After you complete the preceding operations to enable the ENI-based direct connection, you must add security rules to the target service. These rules authorize the security group representing MaxCompute to access specific service ports, such as 9200 and 31000.

For example, to access ApsaraDB RDS, you must add a rule to ApsaraDB RDS that allows access from the security group that you created in Step 2. If the service that you want to access supports only IP addresses instead of security groups, you must add the entire CIDR block of the vSwitch where the target service resides.

  • Configure the security group for the Hadoop cluster.

    • Configure the following information for the security group of the Hadoop cluster to ensure that MaxCompute can access the cluster.

      • Configure the inbound access rules for the security group in which the Hadoop cluster resides.

      • The authorization object is the security group that you created in Step 2 for the ENI.

      • Hive Metastore port: 9083

      • HDFS NameNode port: 8020

      • HDFS DataNode port: 50010

    • For example, when you connect to a Hadoop cluster that is created on Alibaba Cloud E-MapReduce, you must configure the security group rules as described above. For more information, see Create a security group.

  • Configure the security group for the HBase cluster.

    • Add the security group that is created for MaxCompute or the ENI IP address to the security group or IP address whitelist of the HBase cluster.

    • For example, when you connect to an Alibaba Cloud HBase cluster:

      1. Log on to the HBase Management Console. In the upper-left corner, select a region.

      2. In the navigation pane on the left, select Clusters.

      3. On the Clusters page, click the name of the target cluster.

      4. In the navigation pane on the left, select Access Control.

      5. On the Whitelist Setting and Security Group tabs, you can click Add Whitelist or Add Security Group. If you cannot add a security group, add the ENI's IP address on the Whitelist Setting tab. Because ENI IP addresses can change if the MaxCompute configuration is modified, we recommend that you add the CIDR block of the vSwitch to the whitelist.

    For more information about how to add a security group or IP address whitelist, see Set whitelists and security groups.

  • Configure the security group for ApsaraDB RDS.

    • Add the security group that is created for MaxCompute or the ENI IP address to the ApsaraDB RDS security group or IP address whitelist.

    • For example, when you connect to an ApsaraDB RDS instance:

      1. 登录RDS 控制台

      2. 在左侧导航栏,选择Instances,在左上角选择地域。

      3. 在左侧导航栏,单击Whitelist and SecGroup

      4. On the Whitelist Settings and Security Group tabs, add an IP address whitelist or a security group. Because the ENI IP address may change if the MaxCompute configuration is modified, we recommend that you add the CIDR block of the vSwitch to the whitelist.

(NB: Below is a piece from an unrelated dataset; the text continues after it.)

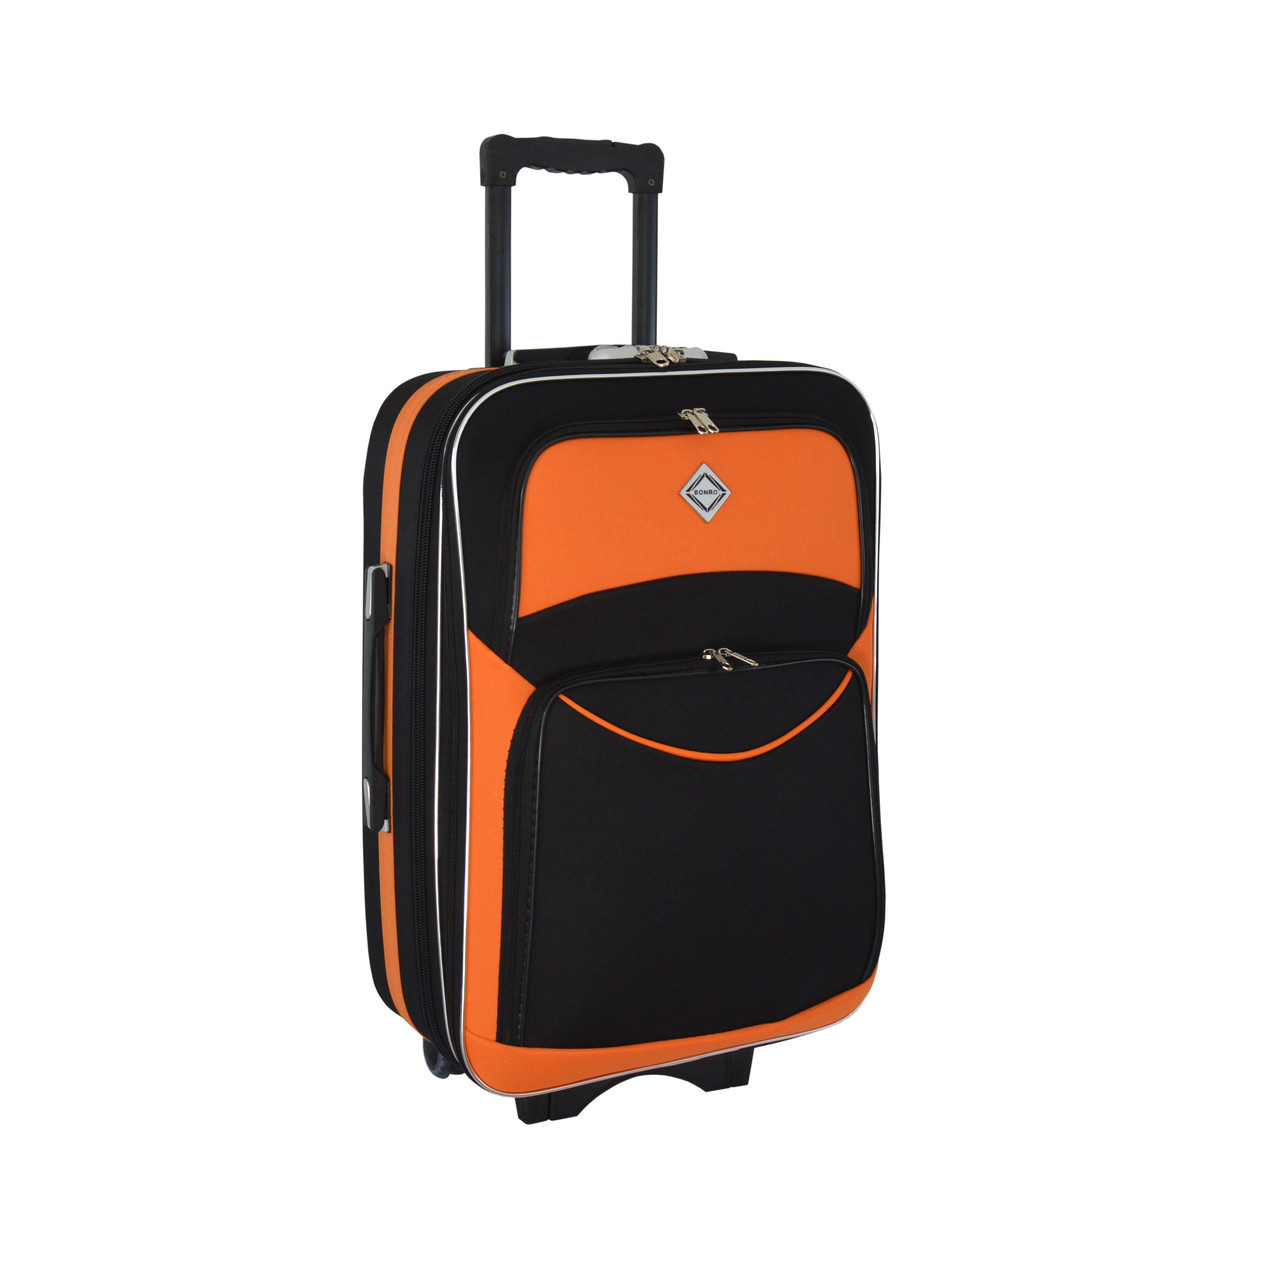 Чемодан Bonro Style (большой) черно-оранжевый

    For more information about how to add a security group or an IP address whitelist, see Configure a security group or Configure an IP address whitelist.

Step 3: Access VPC resources

After you create the direct network connection, you must add the following configurations to access the VPC network using SQL or Spark.

For other types of jobs, adjust the configurations based on the job type.

SQL access

Spark access

使用Spark访问VPC网络时,在完成上述开通专线网络连接操作后,需要在spark-defaults.confDataWorks配置项中增加以下配置项:

spark.hadoop.odps.cupid.eni.enable = true
# The format is regionid:vpcid, where vpcid is the ID of the target VPC used when creating the network connection.
spark.hadoop.odps.cupid.eni.info = regionid:vpc-**********

(Optional) Step 4: Configure the whitelist

If your server has access control enabled, you must add the security group for the direct network connection to the server's whitelist.